Шрифт:
Интервал:
Закладка:
Люди, которых он разорил, прибегали ко всем этим разнообразным выходам, но его это не тревожило. Кто-нибудь должен же проигрывать, а тревожатся только простачки.
Стоит только задуматься о том, насколько лучше было бы, не схитри он так ловко пять лет тому назад, и в его возрасте этого достаточно, чтобы через несколько минут желание изменить то, что уже не может быть изменено, открыло лазейку тревоге. Только простачки тревожатся. Но тревогу можно приглушить, если выпить шотландского с содовой. К черту доктора и его советы. И вот он звонит стюарду, и тот, заспанный, приносит стакан, и когда все выпито, спекулянт уже не простачок больше; ни перед кем, кроме смерти.
А на соседней яхте спит симпатичное, добропорядочное и скучное семейство. У отца совесть чиста, и он спит крепким сном, повернувшись на бок, шхуна борется с ураганом в рамке над его изголовьем, настольная лампа горит, книга упала и лежит на полу у постели. Мать спит спокойно и видит во сне свой садик. Ей под пятьдесят, но это красивая, здоровая, хорошо сохранившаяся женщина, и она еще привлекательна, когда спит. Дочке снится жених, который завтра должен прилететь самолетом, и она ворочается во сне и чему-то улыбается и, не просыпаясь, подтягивает колени чуть не к самому подбородку, и, свернувшаяся, как котенок, вся в светлых кудряшках, с гладкой и нежной кожей, она похожа во сне на свою мать в юности.
Это счастливое семейство, и все члены его любят друг друга. Отец – человек с сильно развитым чувством гражданского достоинства и со многими заслугами, в свое время противник сухого закона, не ханжа, великодушен, разумен, добр и почти никогда не выходит из себя. Команда яхты получает хорошее жалованье, хорошее помещение и сытную пищу. Все они высоко ценят хозяина и любят его жену и дочку. Жених – член общества «Череп и кости»,[11] подающий надежды, пользующийся всеобщим уважением, который пока еще больше думает о других, чем о себе, и был бы слишком хорош для всякой девушки, кроме прелестной Фрэнсис. Вероятно, он и для Фрэнсис чуточку слишком хорош, но пройдут годы, прежде чем она это узнает, а если все сложится удачно, может и совсем не узнать. Мужчины, которые всегда на высоте в «Черепе», редко оказываются на высоте в постели; но для прелестных девушек вроде Фрэнсис замысел значит не меньше, чем выполнение.

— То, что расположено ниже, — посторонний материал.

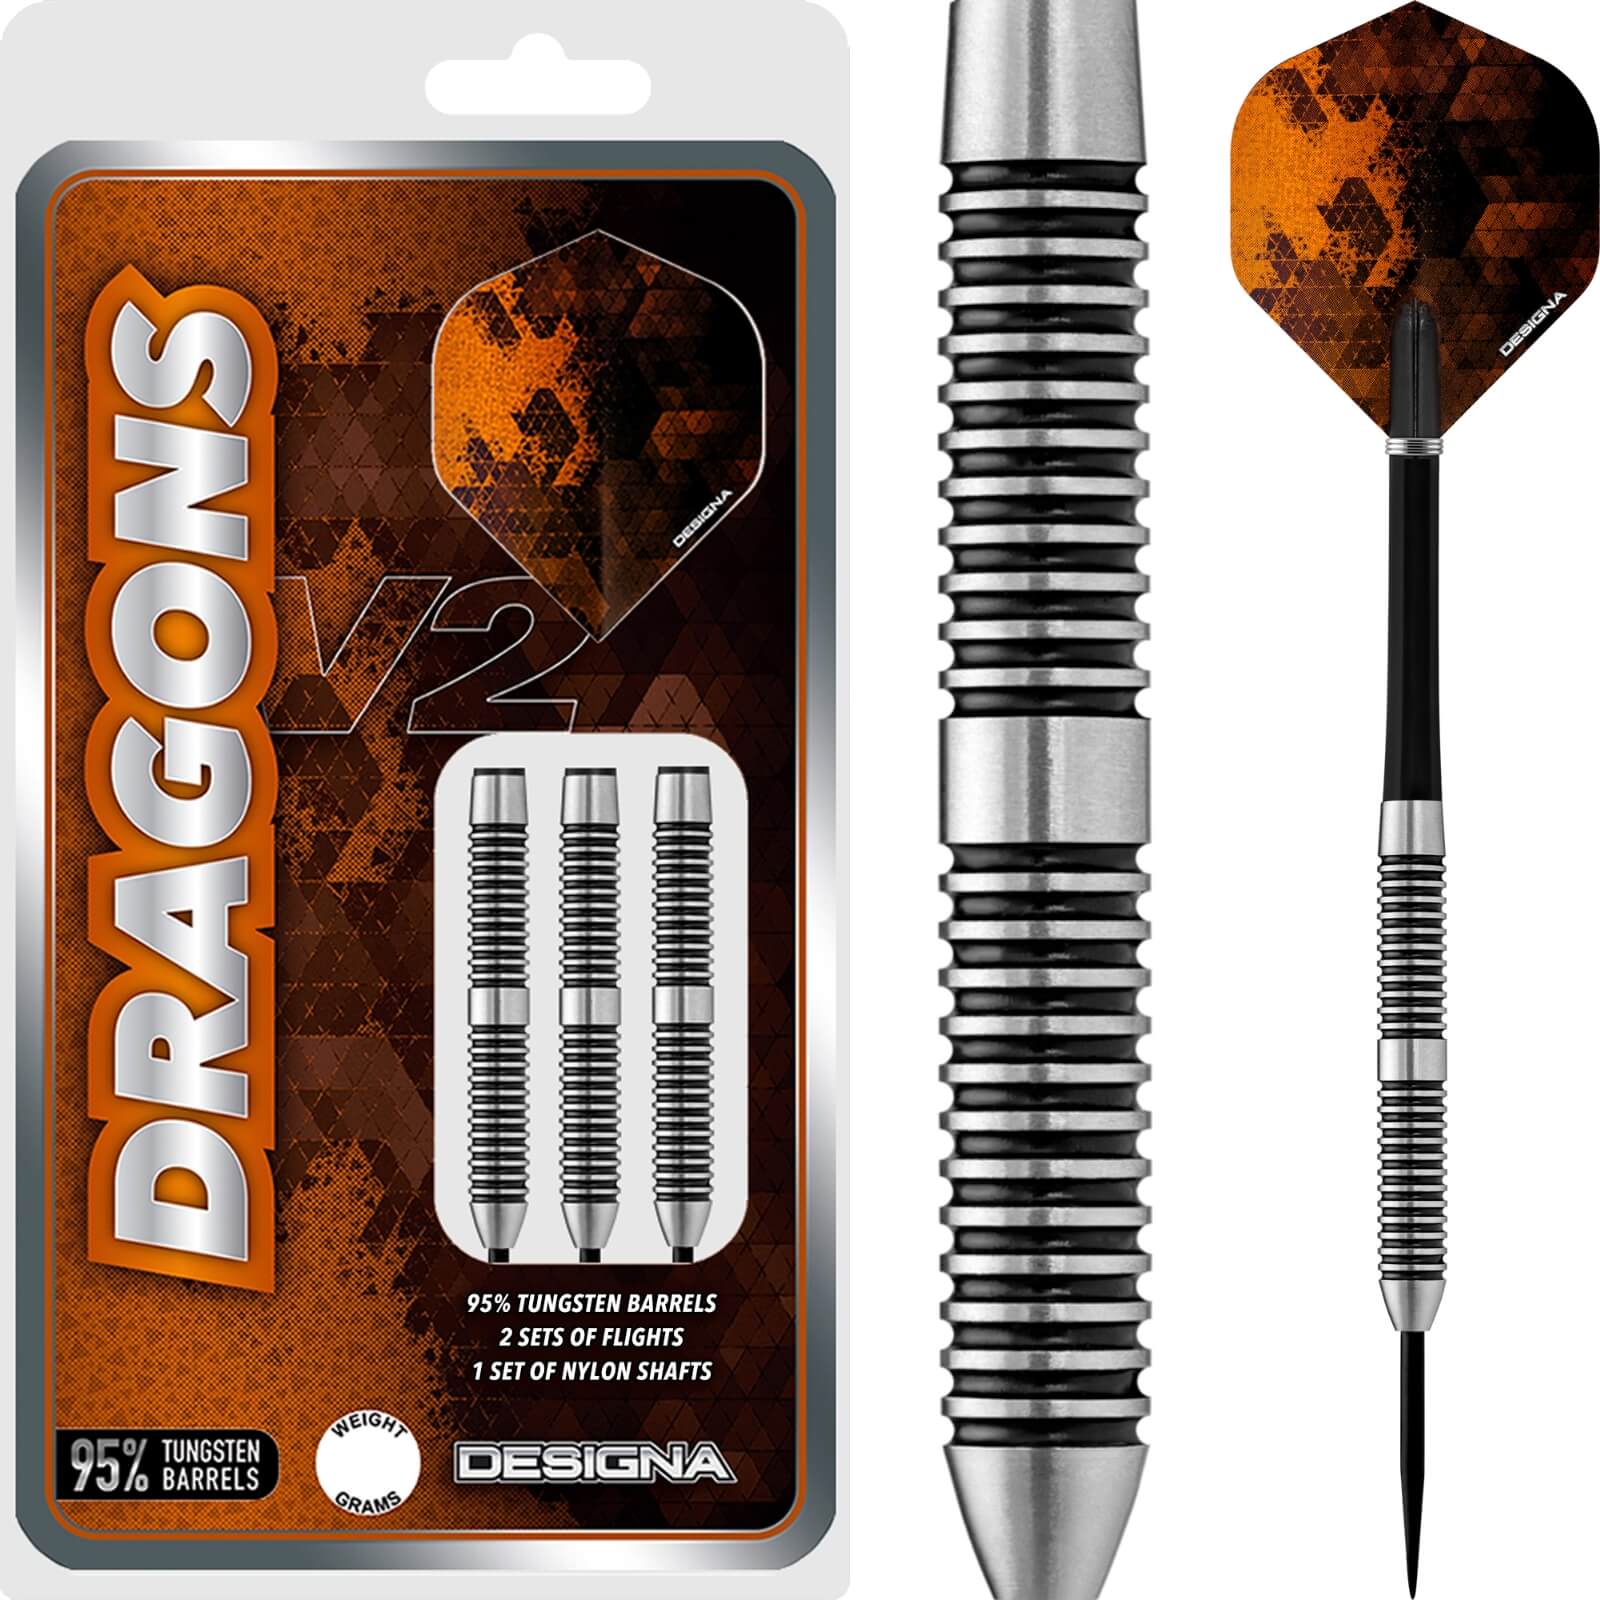 Darts - Designa - Dragons 95 V2 M2 Darts - Steel Tip - 95% Tungsten - 22g 24g 26g

Как бы то ни было, все они спят спокойно, но откуда же взялись те деньги, которые они расходуют с такой пользой и удовольствием, чувствуя себя при этом вполне счастливыми? Эти деньги взялись от продажи миллионов бутылок одного широко распространенного продукта, который обходится фабриканту в три цента кварта, а продается по доллару за большую бутылку, пятьдесят центов за среднюю и двадцать пять за маленькую. Но выгоднее покупать большую, и если вы зарабатываете десять долларов в неделю, вы платите совершенно ту же цену, как если бы вы были миллионером, а качество продукта в самом деле высокое. Он дает тот именно эффект, который обещан, и еще многие другие. Благодарные клиенты со всех концов света пишут письма об открытых ими новых случаях применения, а старые клиенты так же верны ему, как Гарольд Томкинс, жених, «Черепу и костям», или Стэнли Болдуин – Хэрроуской школе[12]. Там, где деньги наживаются таким путем, самоубийств не бывает, и каждый спит спокойным сном на яхте «Альзира», капитан Ион Якобсон, команда четырнадцать человек, пассажиры: владелец с семьей.
У четвертого причала стоит двухмачтовая яхта тридцати четырех футов в длину, на борту которой находятся двое из тех трехсот двадцати четырех эстонцев, которые плавают по всем морям мира на судах от двадцати восьми до тридцати шести футов в длину и отовсюду шлют корреспонденции в эстонские газеты. Эти корреспонденции весьма популярны в Эстонии, и авторы их получают от доллара до доллара тридцати центов за столбец. Они занимают место в американских газетах, отводимое бейсбольной и футбольной хронике, и печатаются под общим заголовком «Саги наших бесстрашных путешественников». Ни одна гавань для морских яхт в южных водах не обходится без парочки загорелых, просоленных белобрысых эстонцев, мирно ожидающих гонорара за последнюю корреспонденцию. Как только гонорар будет получен, они распустят паруса и отправятся в другую гавань, где напишут другую сагу. Они тоже вполне счастливы. Почти так же счастливы, как пассажиры «Альзиры». Великое дело быть бесстрашным путешественником.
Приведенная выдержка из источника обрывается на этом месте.